Liesel Jobson writes with an intense, explicit sense of self-awareness that almost overpowers the reader who picks up her book – if not the author herself.
She admitted as much to the audience in a reading of her latest collection of short stories, Ride the Tortise, at the Wartenweiler Library’s Writing Center on Wednesday evening.
Asked why she had not yet ventured into the longer novel form, the author, musician, and photographer thought carefully before explaining the mental process of her writing:
“It’s not that I get bored [with longer writing], I get bewildered… You see, I come to writing as a poet, and you want one word that works in a number of dimensions.

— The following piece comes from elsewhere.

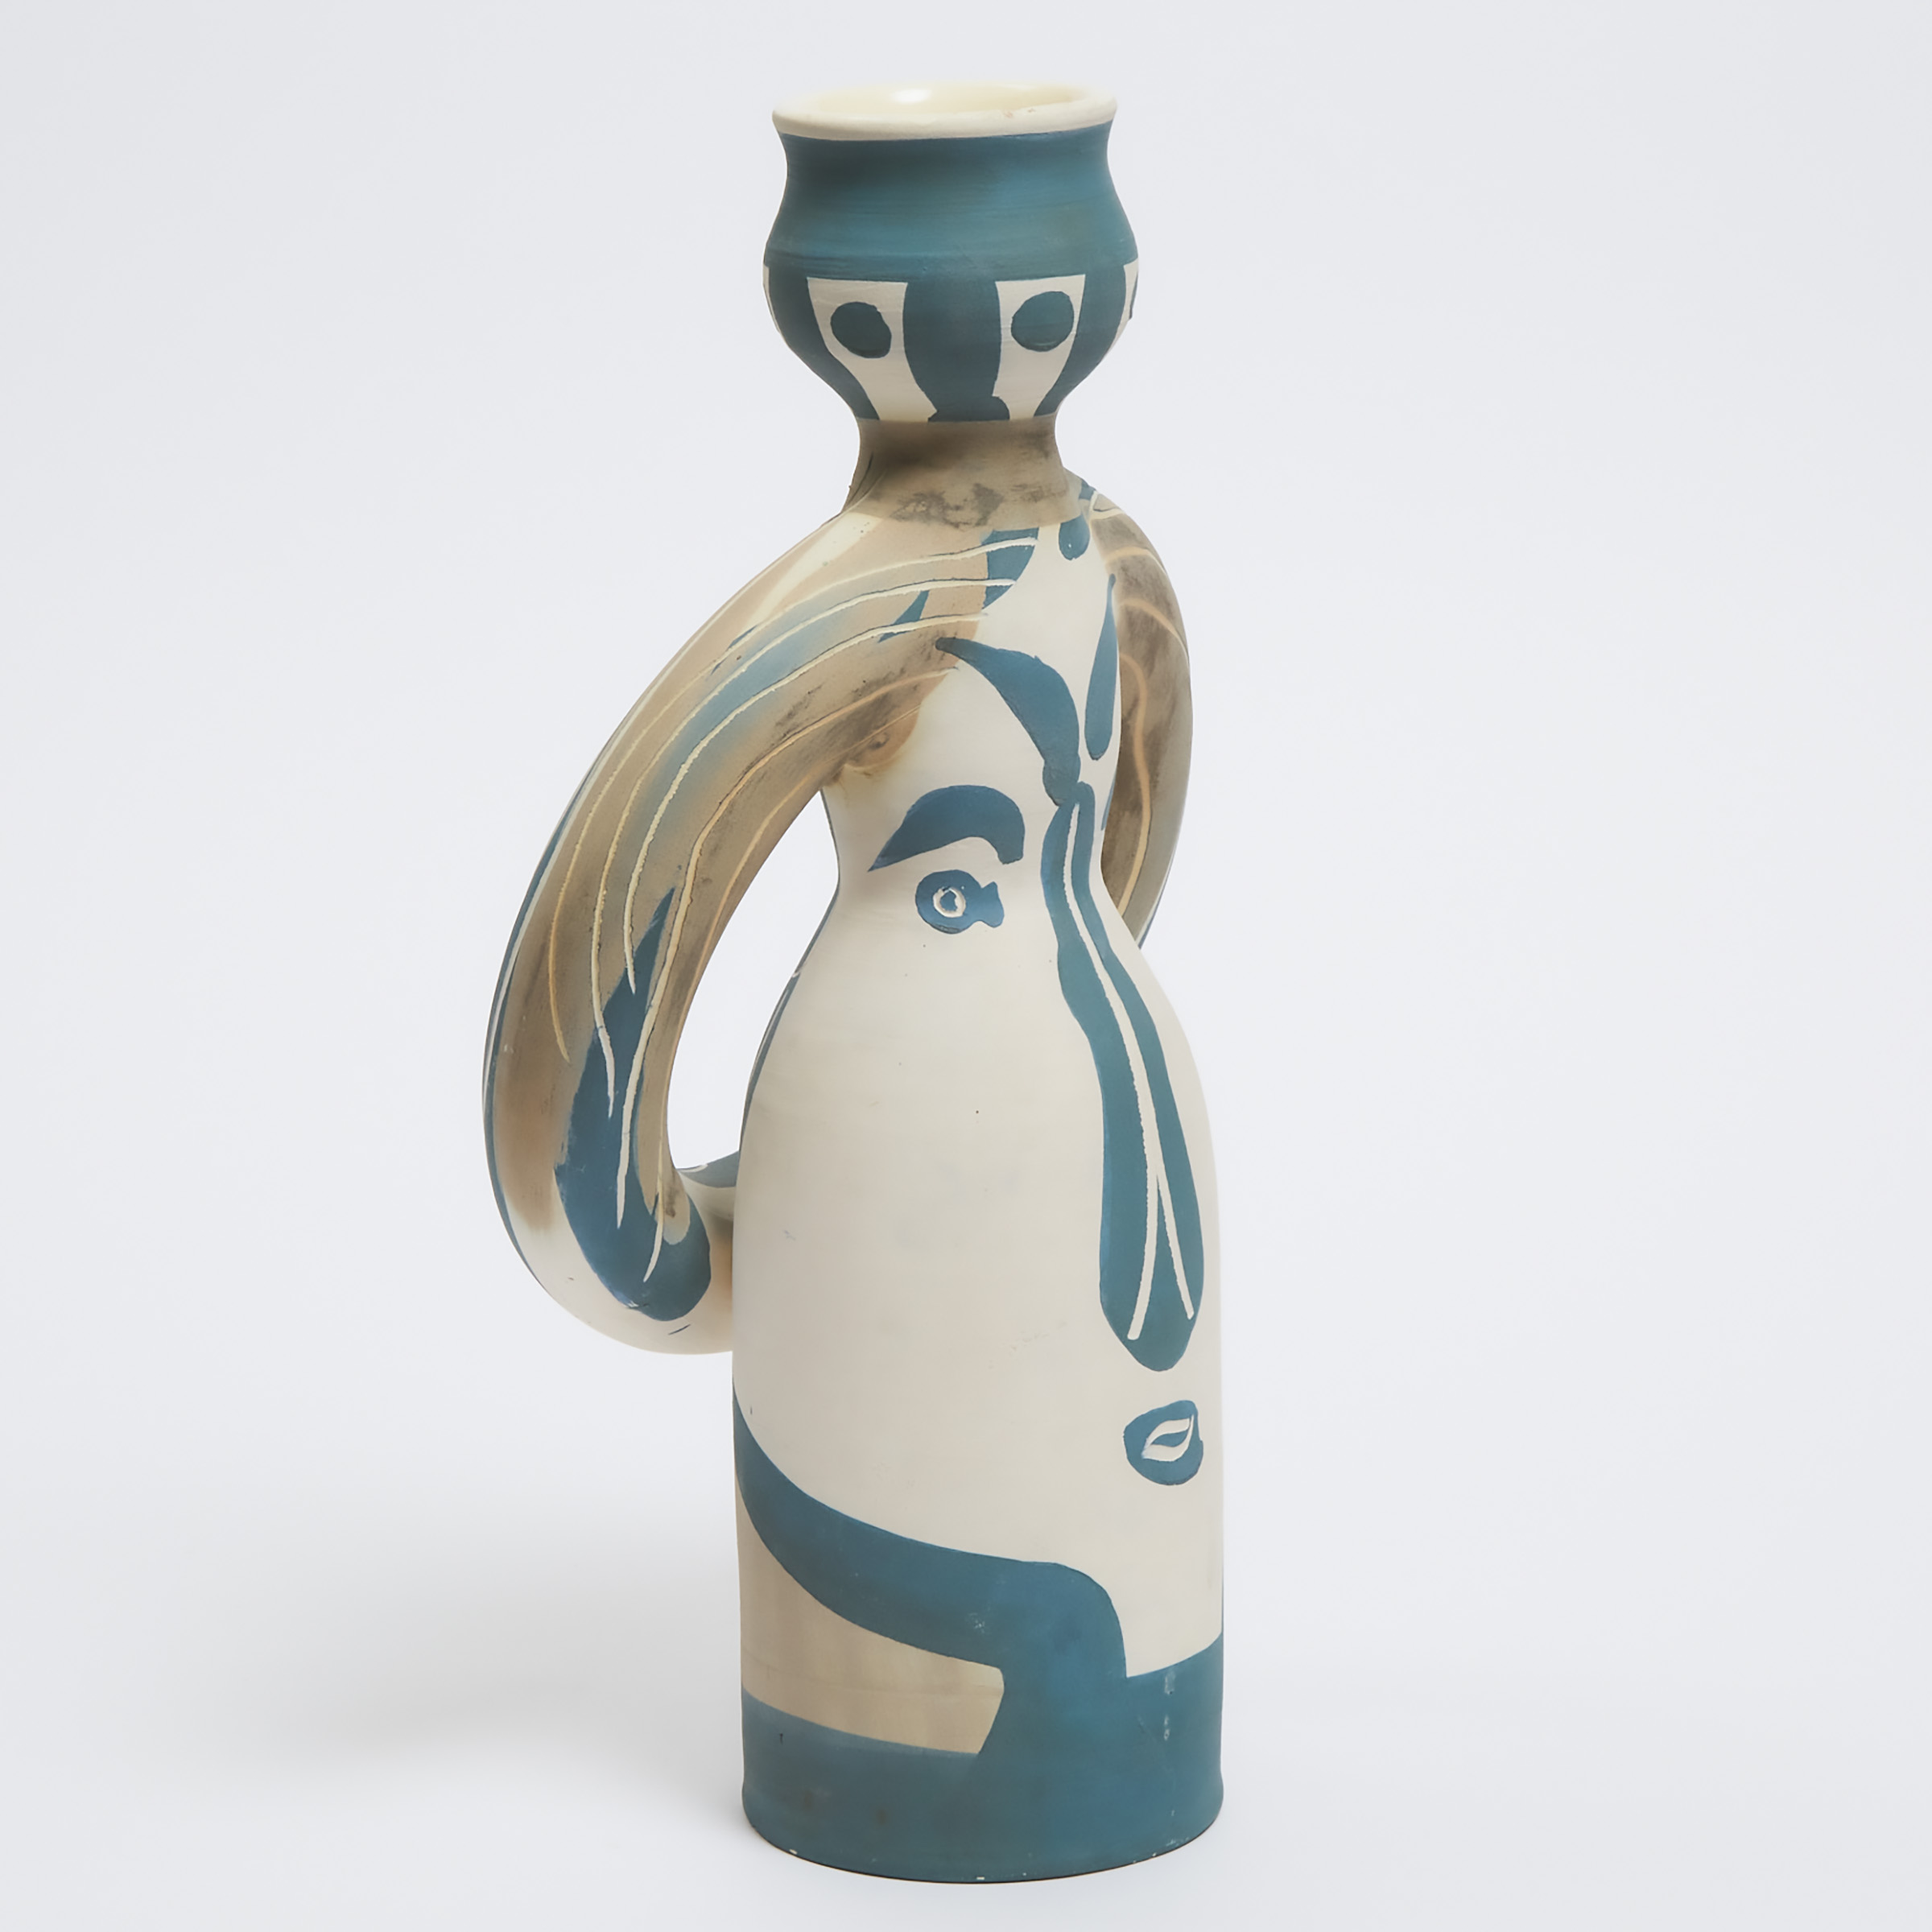 'Lampe Femme', Pablo Picasso (1881-1973), Ceramic Vase, 58/100, c.1955

I find myself looking for the metaphors in ordinary situations.”
It is this quality, of bewildering self-awareness and self-reflection; of multiple and profound meaning; and the way in which it reveals itself in ordinary moments and encounters, that pervades the characters of Jobson’s stories as much as it provides the thematic thread of her prose.
The result, which one reviewer describes as “hypnotic honesty”, is a collection of
unconventional narratives, that rather than handing the reader the relief of sensible resolutions or “endings”, provides something more complicated.

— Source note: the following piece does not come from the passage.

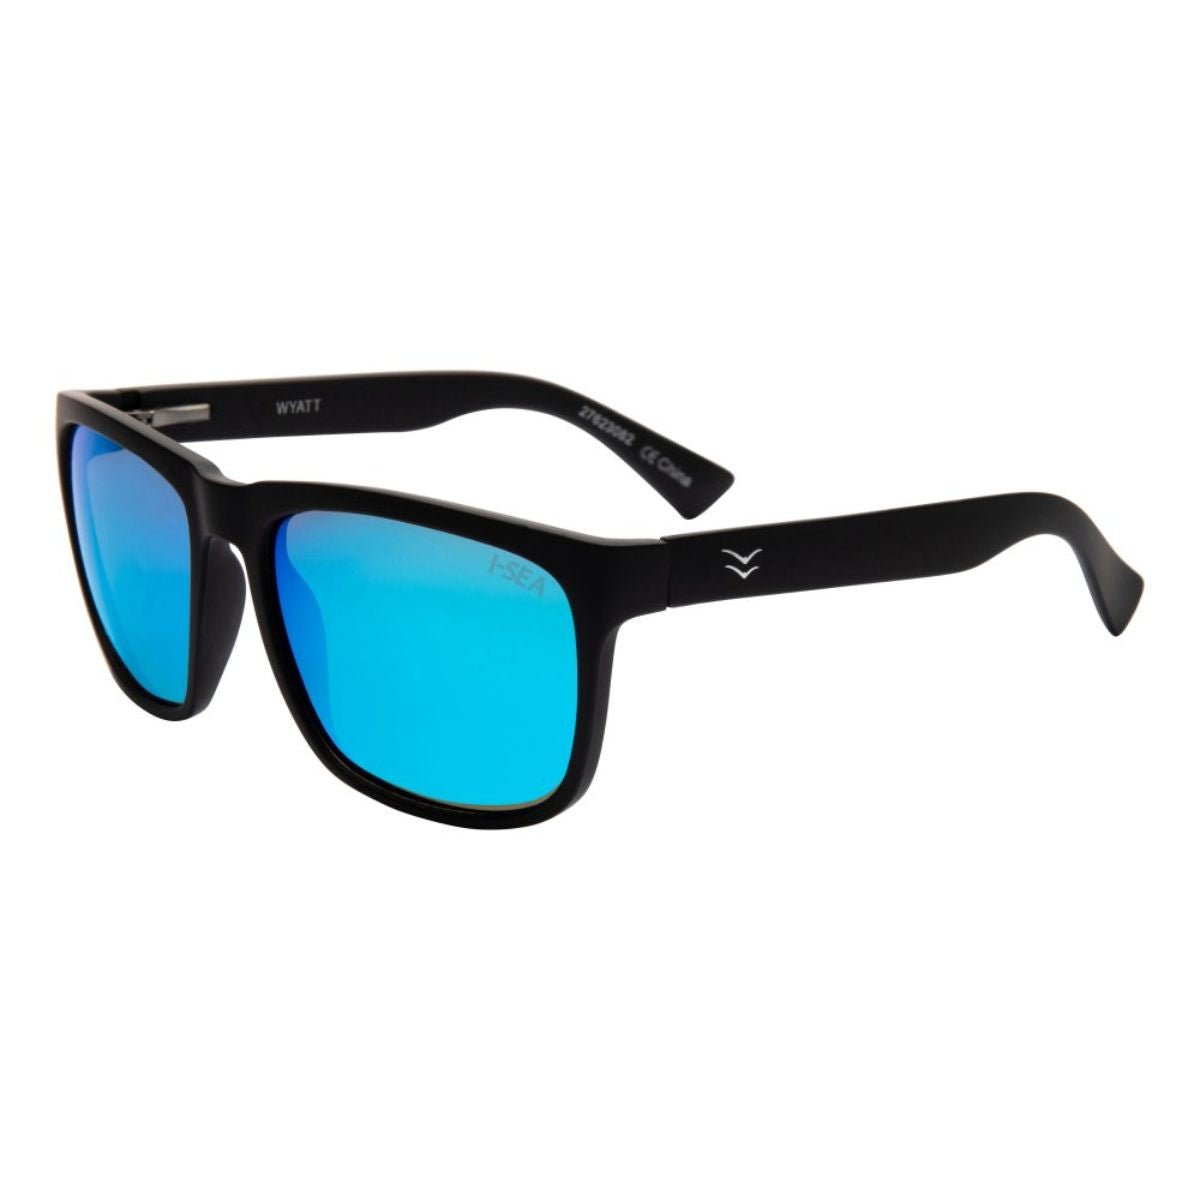 I-Sea Wyatt Sunglasses in Black/Ice Blue - BoardCo

Jobson does not merely zoom in on the complexities of being human- of being a subject who feels, remembers and dreams, creates and destroys.
What she does is go beyond the anthropological gaze that some (rightly or wrongly) associate with realism, to offer her reader the disjointed, jarring confrontations with the self; with the elusive inner being.
Jobson attributed her uncanny eye for detail to the time she spent learning about and practising photography.
“A camera offers a way to get into focus with yourself… [and] those little decisions you make as a photographer about what to capture and in what kind of light,” she said.
Ride the Tortise certainly brims with “living stills”. Jobson’s keen observation and imagination combining like aperture and shutter speed to produce “per-second” frames of the unpredictable human experience.